They’re good at collecting money. They’ve been very good at sponging money, but then once they have that cash it’s very hard for them to figure out, “How do we spend this cash in a way to make money?”
The reason why this is true, and this is the thing that — it’s interesting, Alan Greenspan was just starting to hint at this at the very end of his career, in his last couple of congressional testimonies. The reason why this is true is because of the bias of central currency.
The operating system underneath all of this is finally a central currency, and it’s a very specific kind of currency with a very specific bias. There used to be currencies … some of them were biased toward transaction, and other ones were biased toward storage.
The problem with that was we ended up with a rising middle class. This was way back — 11th, 12th century — all the transaction-based currencies that promoted the velocity of money and the creation of value didn’t really favor the wealthy.

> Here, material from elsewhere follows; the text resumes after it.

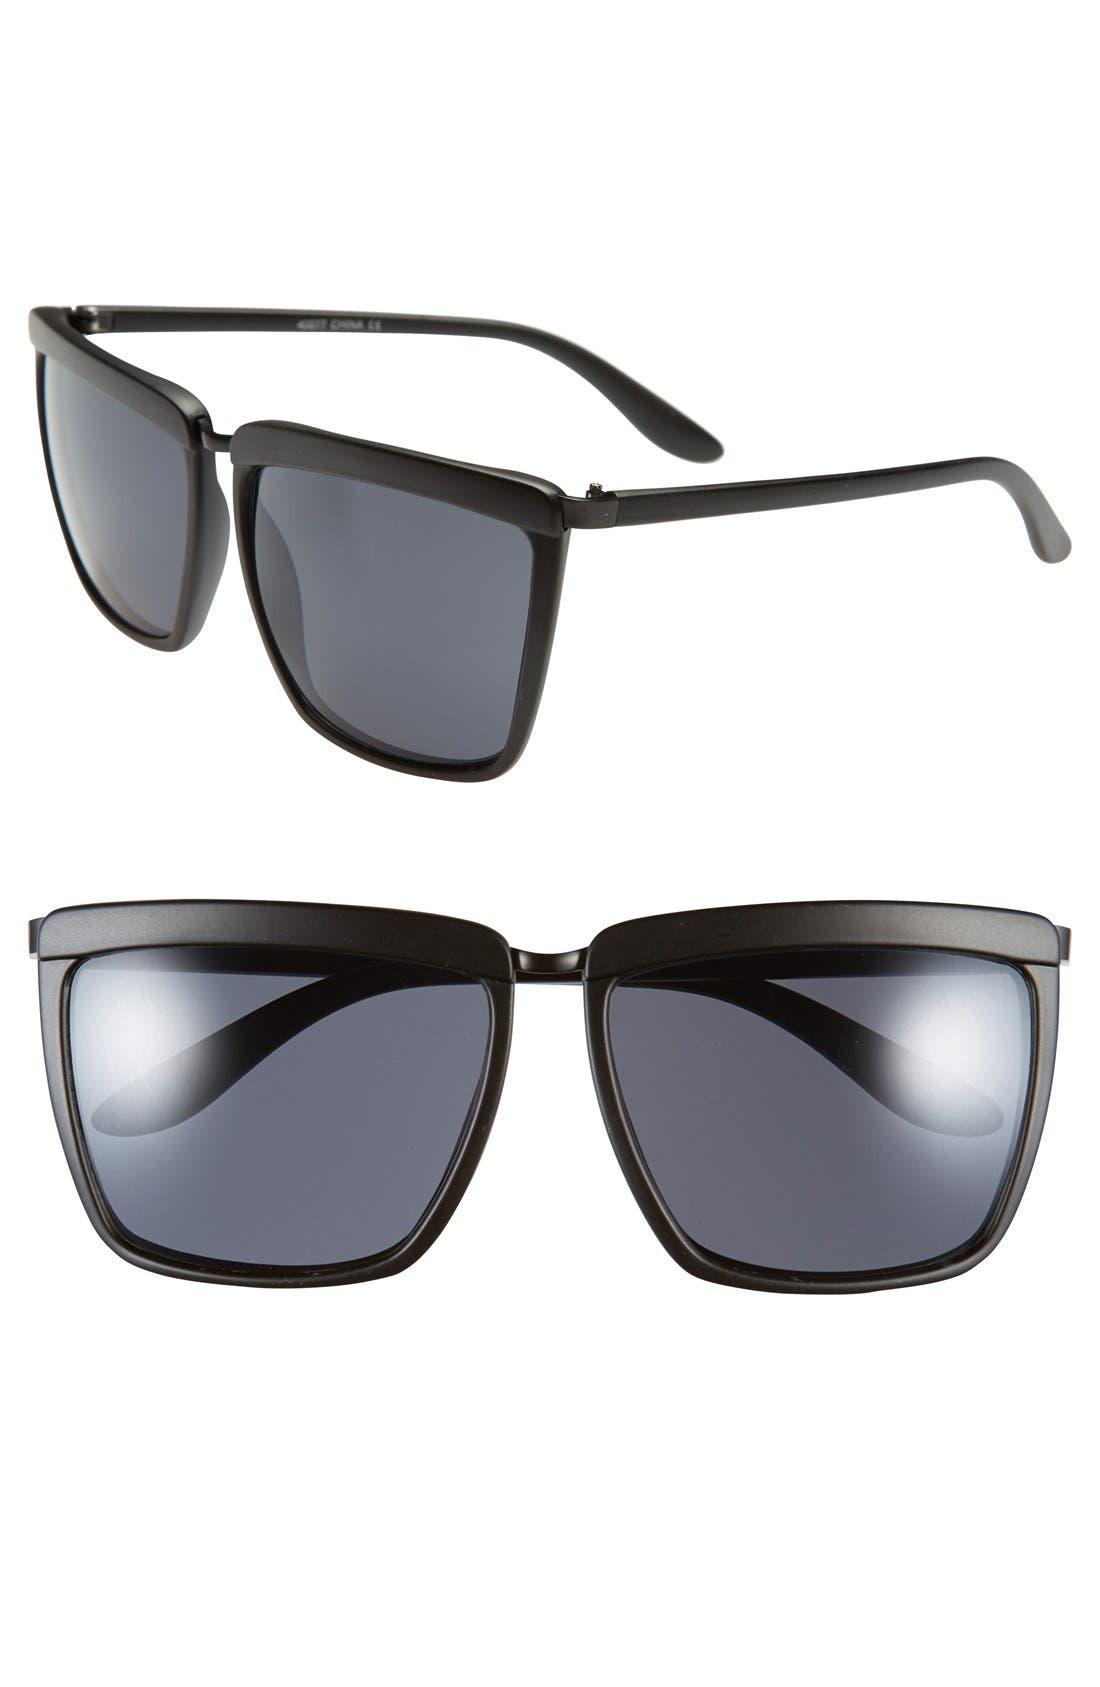 Alternate Image 1 Selected - A.J. Morgan 'Shady' 60mm Sunglasses

They didn’t favor the monarchy, and it led to an imbalance of power, at least as far as the monarchs were concerned, so they put in place central currency, which is lent into existence and has to be paid back at interest.

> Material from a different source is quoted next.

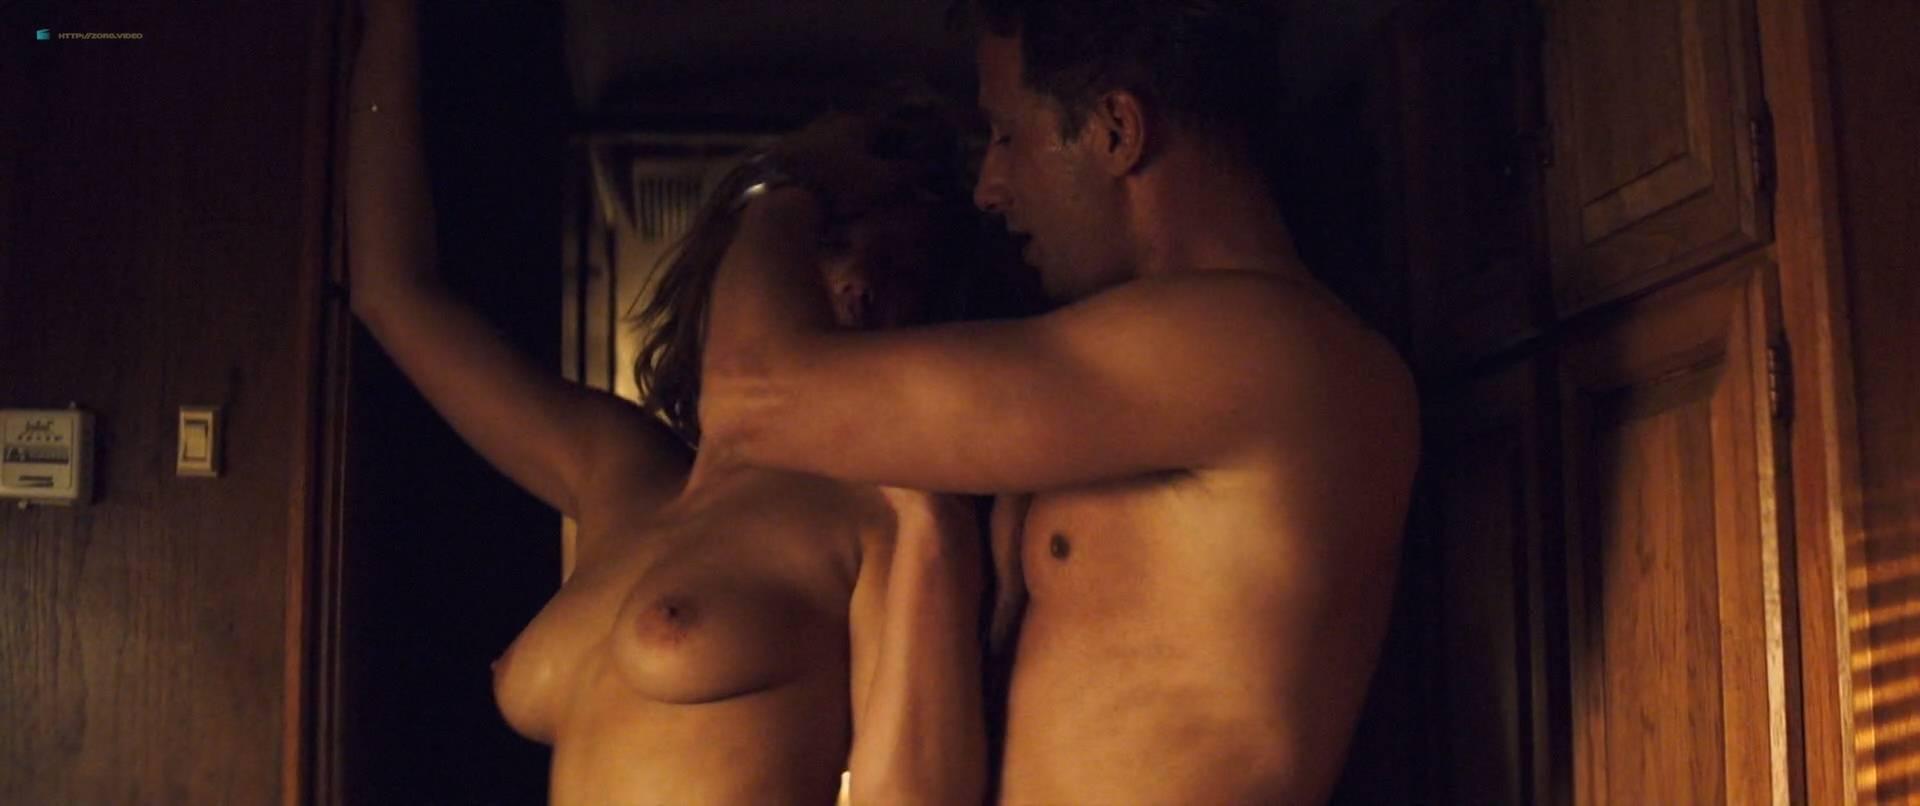 Adele exarchopoulos nude sex scene in le fidele 4

It’s really a kind of currency that favors investment but doesn’t favor transaction. It doesn’t favor the momentum and velocity of money. That’s what’s happened, so when you have that tool as the only tool for the job, you end up collecting all this money. You end up becoming more and more like a bank, but less and less value can be created just doing stuff.
Byrnes: You can definitely see it with an Apple Inc. (NASDAQ:AAPL) sitting on, what, something around $150 billion in cash. They don’t know what to do with it.
Rushkoff: Right, and that’s really a problem of the operating system, which is why, then, when you look at these first Digital Age companies, whether it’s Apple Inc. (NASDAQ:AAPL) or Google Inc (NASDAQ:GOOG) or Facebook Inc (NASDAQ:FB), they’re not genuinely Digital Age companies, at least as far as I see it.
They’re sort of the last Industrial Age companies, doing digital things, in the industrial model. When we start to see businesses go private, when they start to buy themselves back from their shareholders because they no longer want to be just so subjected to the weight of money, you’ll start to see some interesting things happening.